* [ACTIVITY]:
With pictures removed, the data below should be returned exactly.

* [INFORMATION SHOWN]:
☆ ☆ ☆ ☆ ☆ ☆ ☆
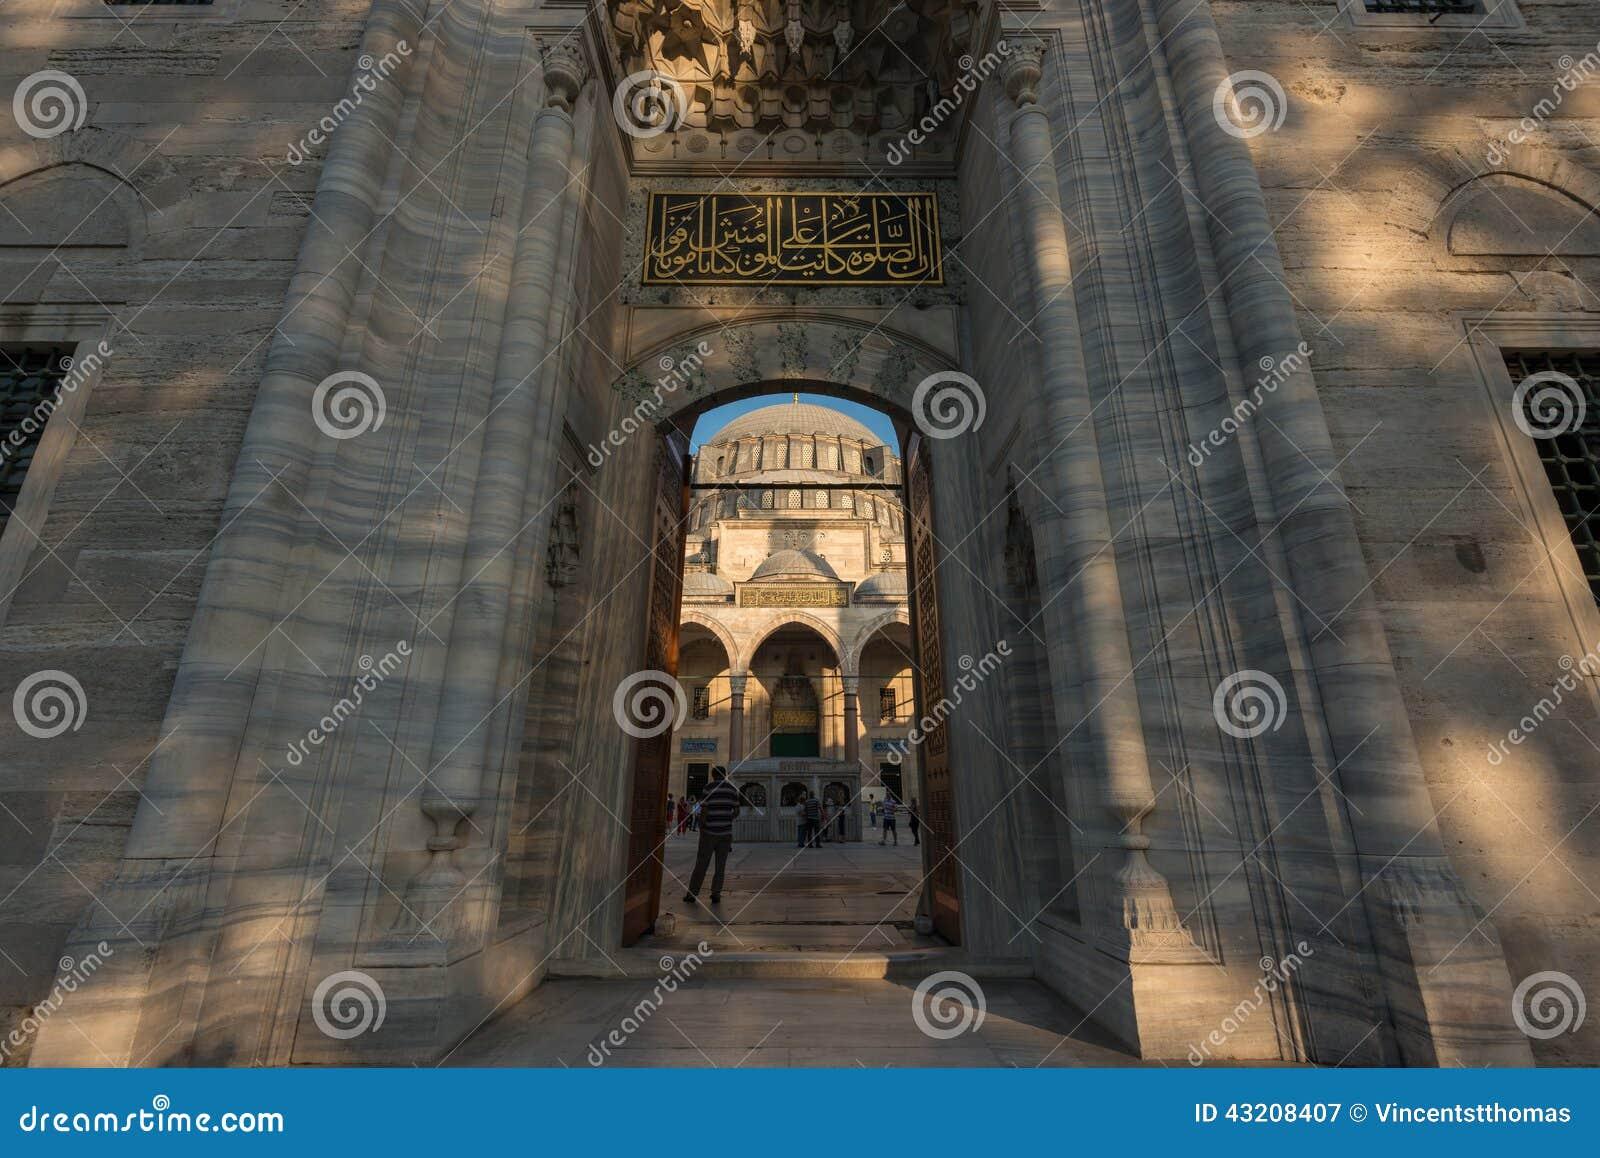 Download Suleymaniye moské fotografering för bildbyråer. Bild av detalj - 43208407
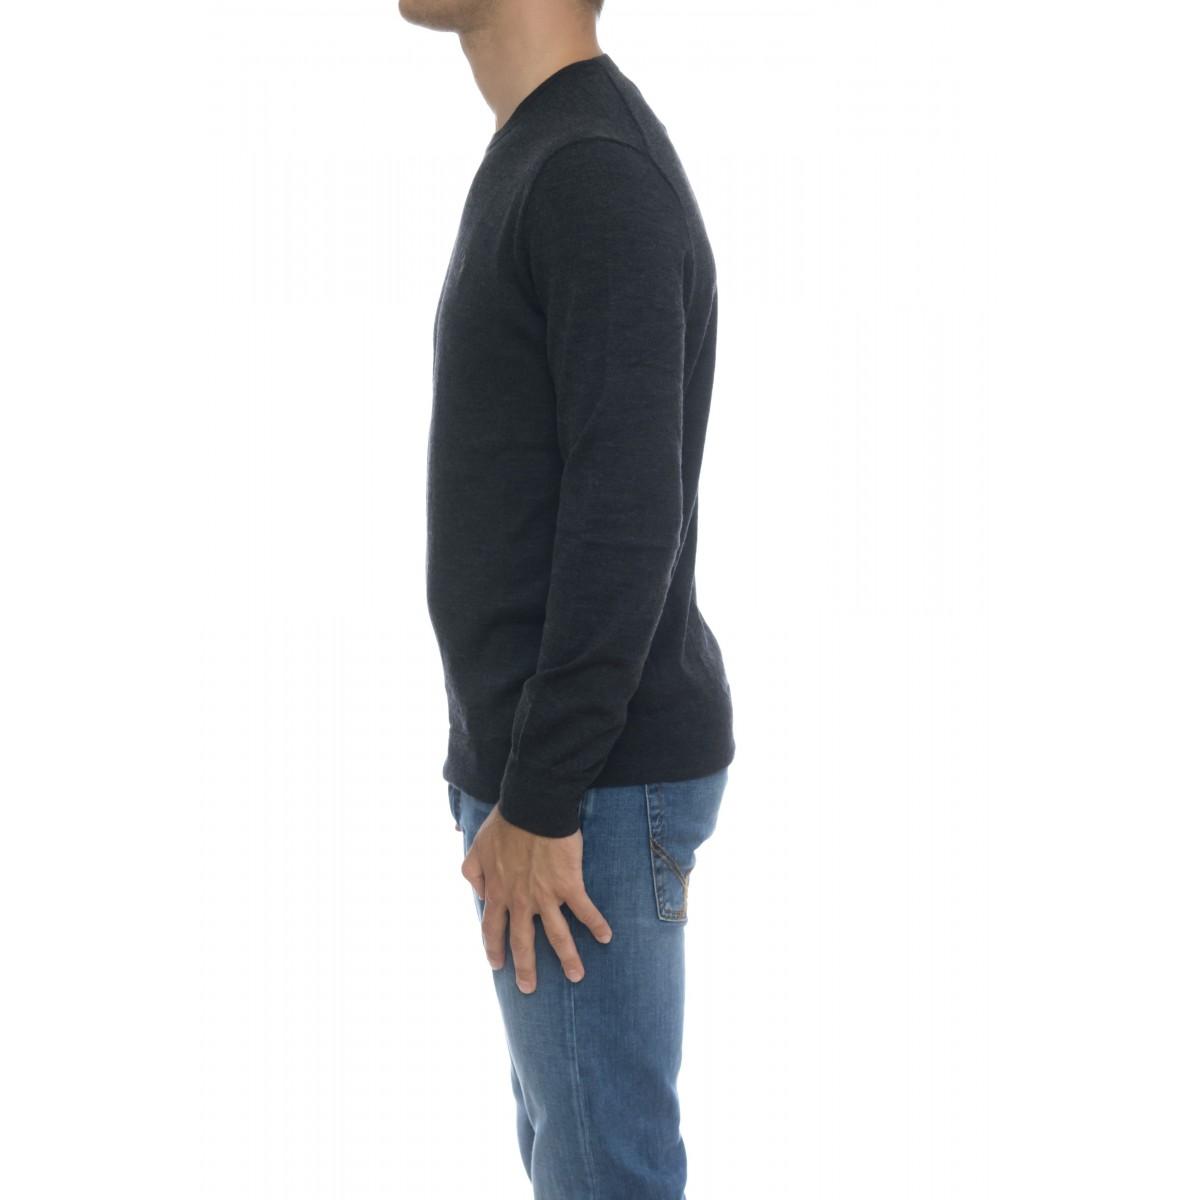 Maglia uomo - 714346 maglia giro merinos
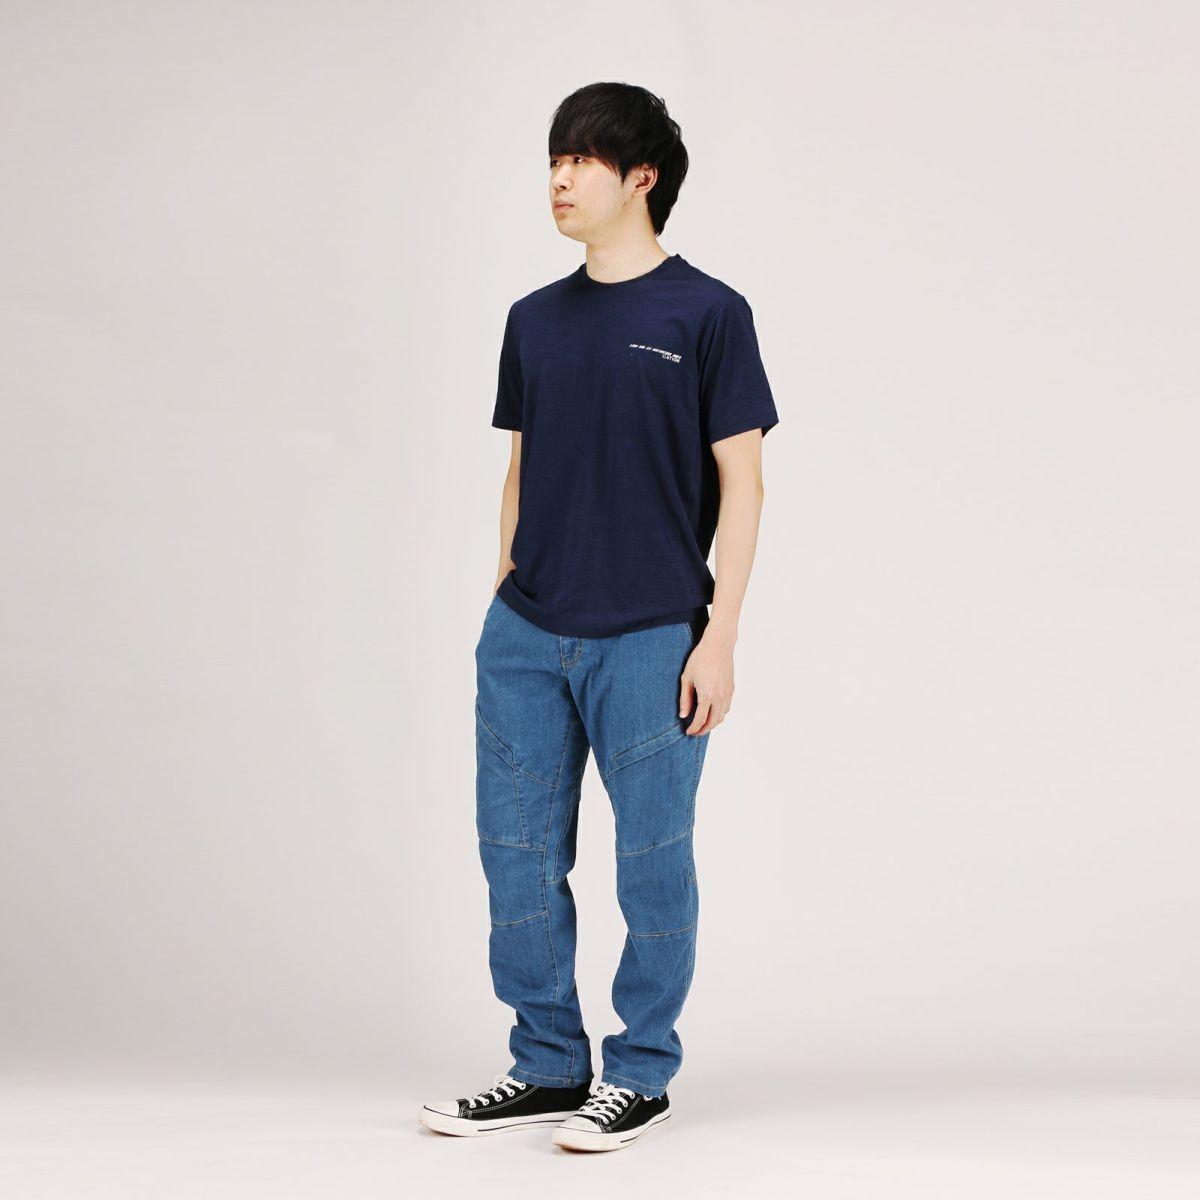 着用イメージ06 [男性モデルのサイズ]身長:168cm 着用サイズ:Lサイズ
☆ ☆ ☆ ☆ ☆ ☆ ☆
* [TASK ANSWER]:
 Download Suleymaniye moské fotografering för bildbyråer. Bild av detalj - 43208407
 Maglia uomo - 714346 maglia giro merinos
 着用イメージ06 [男性モデルのサイズ]身長:168cm 着用サイズ:Lサイズ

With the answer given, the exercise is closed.